- Initial Considerations
- You can only move from higher elevations to lower elevations.
- directed graph
- Lots of goals.
- Bundling around cost 0? - One Goal.
- One to all Dijkstra method from each goal?
- Let’s do the latter, and if not, let’s do the former.
- Consideration complete
- You can only move from higher elevations to lower elevations.
- mounting
- If we were to do the Dijkstra method anyway, the additional man-hours to implement the former would not be significant, so we decided there was no advantage to doing the latter.

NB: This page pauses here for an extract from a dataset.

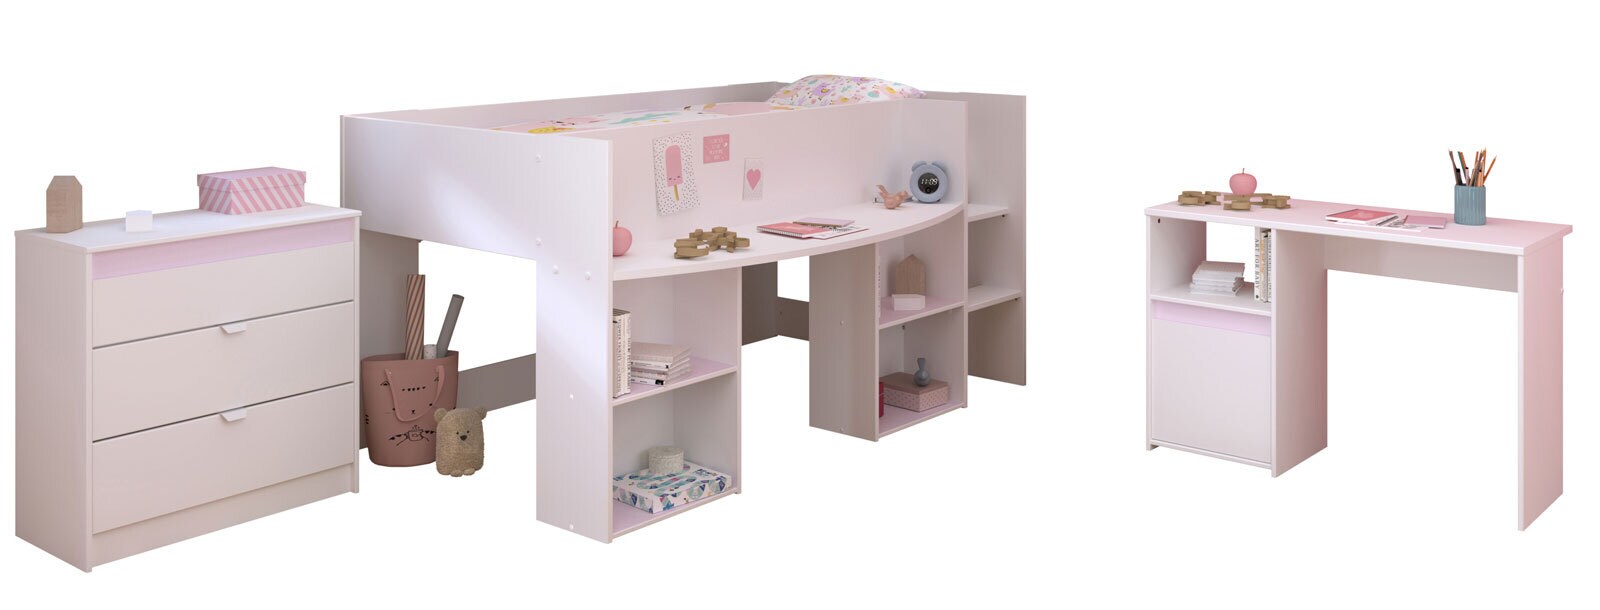 Parisot Kinderzimmer PIROUETTE 15 weiß / grau / rosa

- Additional code to implement the former :
(1).
- AC python
def solve(N, M, K, HS, CS, ABS):
from collections import defaultdict
edges = defaultdict(dict)
for i in range(M):
frm, to = ABS[i]
frm -= 1
to -= 1
if HS[frm] < HS[to]:
to, frm = frm, to
# reversed edge
edges[to][frm] = 1
goal = N
for c in CS:
edges[goal][c - 1] = 0 # (1)
distances = one_to_all(goal, N + 1, edges)
INF = 9223372036854775807
for i in range(N):
d = distances[i]
if d == INF:
d = -1
print(d)
This page is auto-translated from /nishio/PAST5I using DeepL. If you looks something interesting but the auto-translated English is not good enough to understand it, feel free to let me know at @nishio_en. I’m very happy to spread my thought to non-Japanese readers.